Herein disclosed is a lance structure for use with a top-blown converter. The lance structure is constructed to include a cylindrical sheath having a bottom wall and a flux supply tube disposed at the center of the sheath and defining a passage for carrying slag-forming flux in a powdered form. Further inclusive are a plurality of oxygen supply tubes which are arranged in the sheath and around the flux supply tube and which define oxygen supply passages. From the oxygen supply tubes, there lead a corresponding number of Laval nozzles which have their exits opened in the sheath bottom so that the oxygen gas supplied through the oxygen supply passages may be blown in the form of supersonic jets to penetrate into the molten iron contained in the converter. The flux supply tube is formed with ports which are opened into the Laval nozzles just upstream of the exits thereof to feed the flux together with a carrier gas to the supersonic oxygen jets so that the carrier gas flows may merge into the oxygen jets. Thus, the powdered flux can be uniformly dispersed in the oxygen jets without wearing and damaging the inner walls of the Laval nozzles and can be carried by the jets deeply into the molten iron.

Description

BACKGROUND OF THE INVENTION
1. Field of the Invention
The present invention relates to a top-blown converter and, more particularly, to both a lance structure, which is to be used with the top-blown converter for blowing oxygen from the top into molten iron contained in the converter thereby to refine the molten iron into steel, and a process for blowing oxygen together with slag-forming flux in a powdered form into the molten iron.

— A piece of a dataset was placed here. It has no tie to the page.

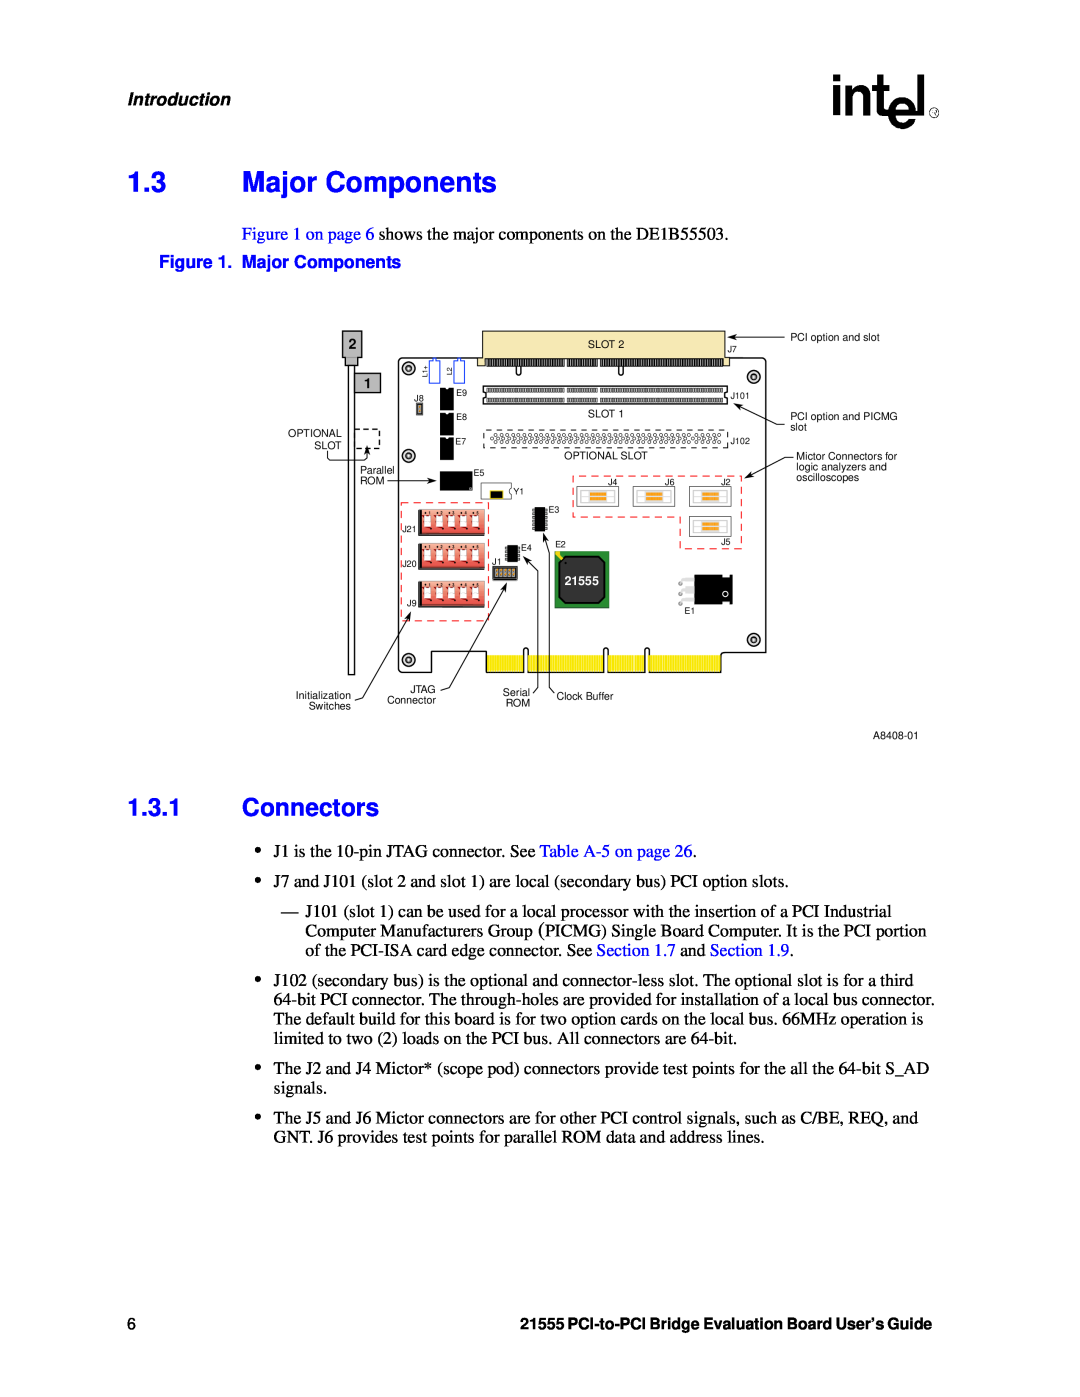 Intel 21555 manual Major Components, Connectors, Introduction 
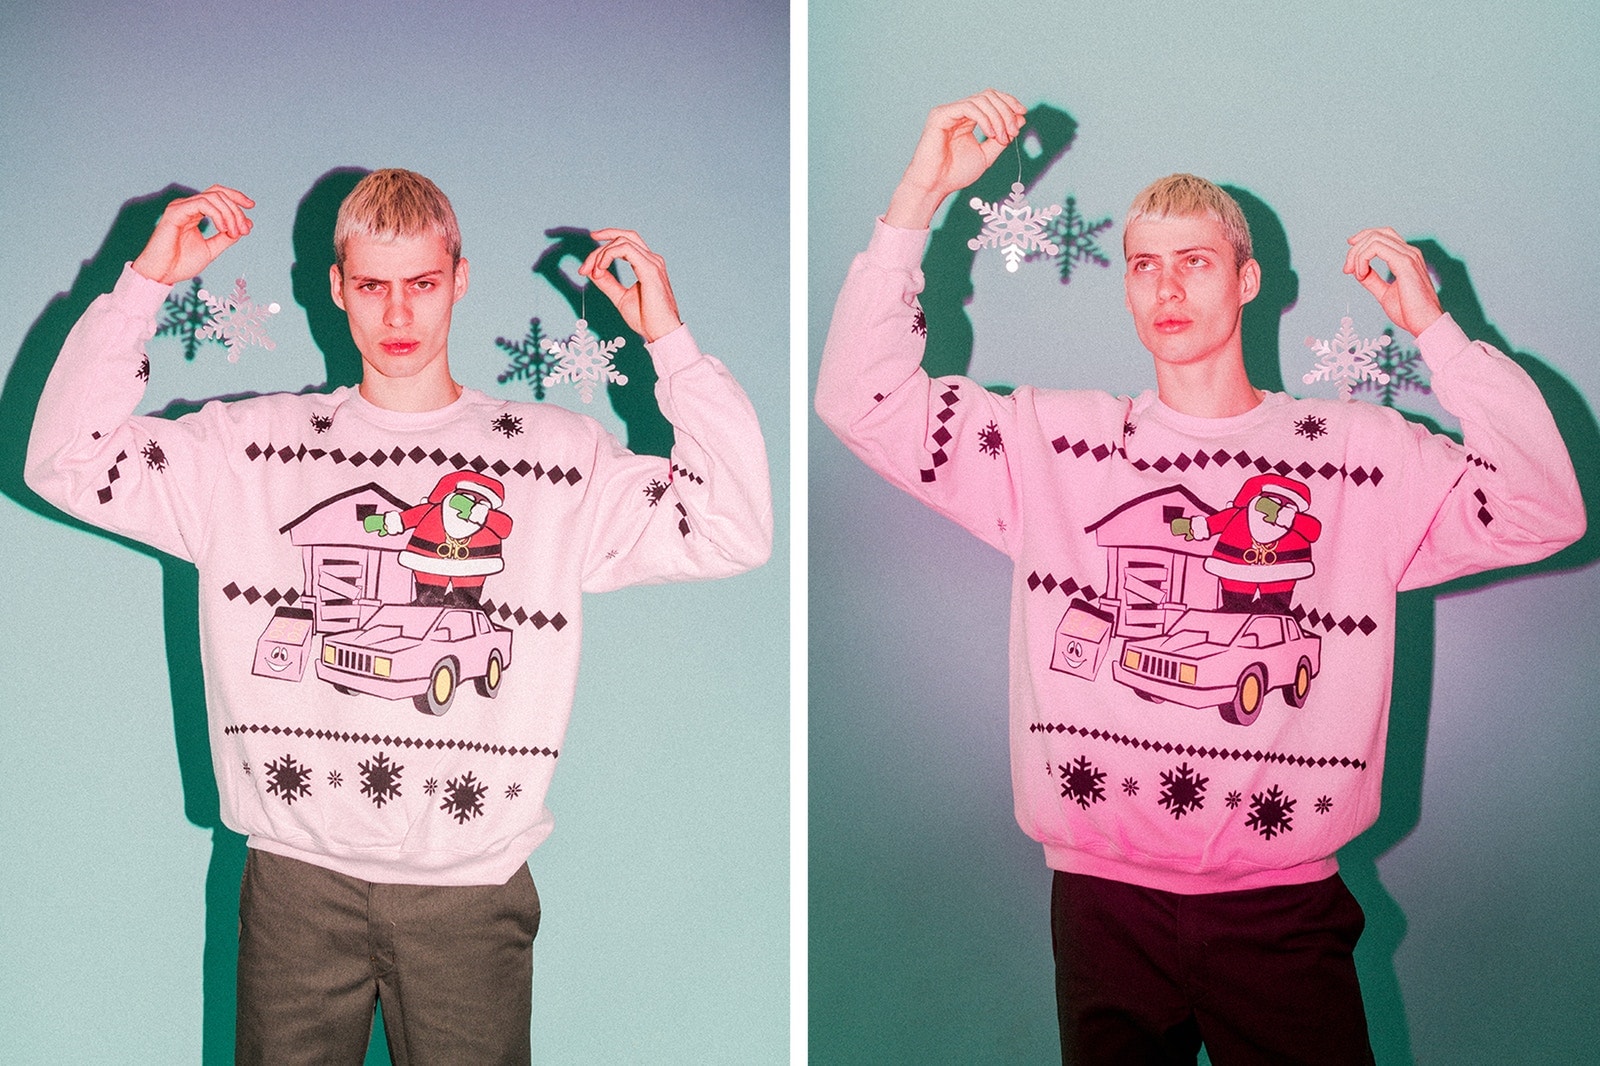 <하입비스트> 에디토리얼 - 어글리 크리스마스 스웨터 특집 2017 hypebeast ugly christmas sweaters

2. Description of the Prior Art
In the oxygen top-blown steel making technique, as is well known in the art, slag-forming agent or flux is added to react with the impurities contained in pig iron so that slag may be formed to effectively promote dephosphorization. In accordance with that steel making technique, moreover, a refining coverter is charged with the pig iron, scrap and a sub-material, and an oxygen gas is blown to penetrate into the converter from an oxygen lance so that the pig iron may be refined into steel. Here, if the sub-material, i.e., the slag-forming flux such as quicklime, fluorite, dolomite or iron ore is in a powdered form, it will be scattered by the carbon monoxide gas generated as a result of the refining reaction. In order to prevent this, the converter is charged with the slag-forming flux in an agglomerated form. Nevertheless, it is still difficult to completely melt the quicklime or lime stone within a blowing time period thereby to promote formation of the slag because the quicklime or lime stone is composed mainly of CaO having a high melting point of about 2570 C. In other words, it is difficult to form the slag thereby to effectively promote dephosphorization and desulphurization.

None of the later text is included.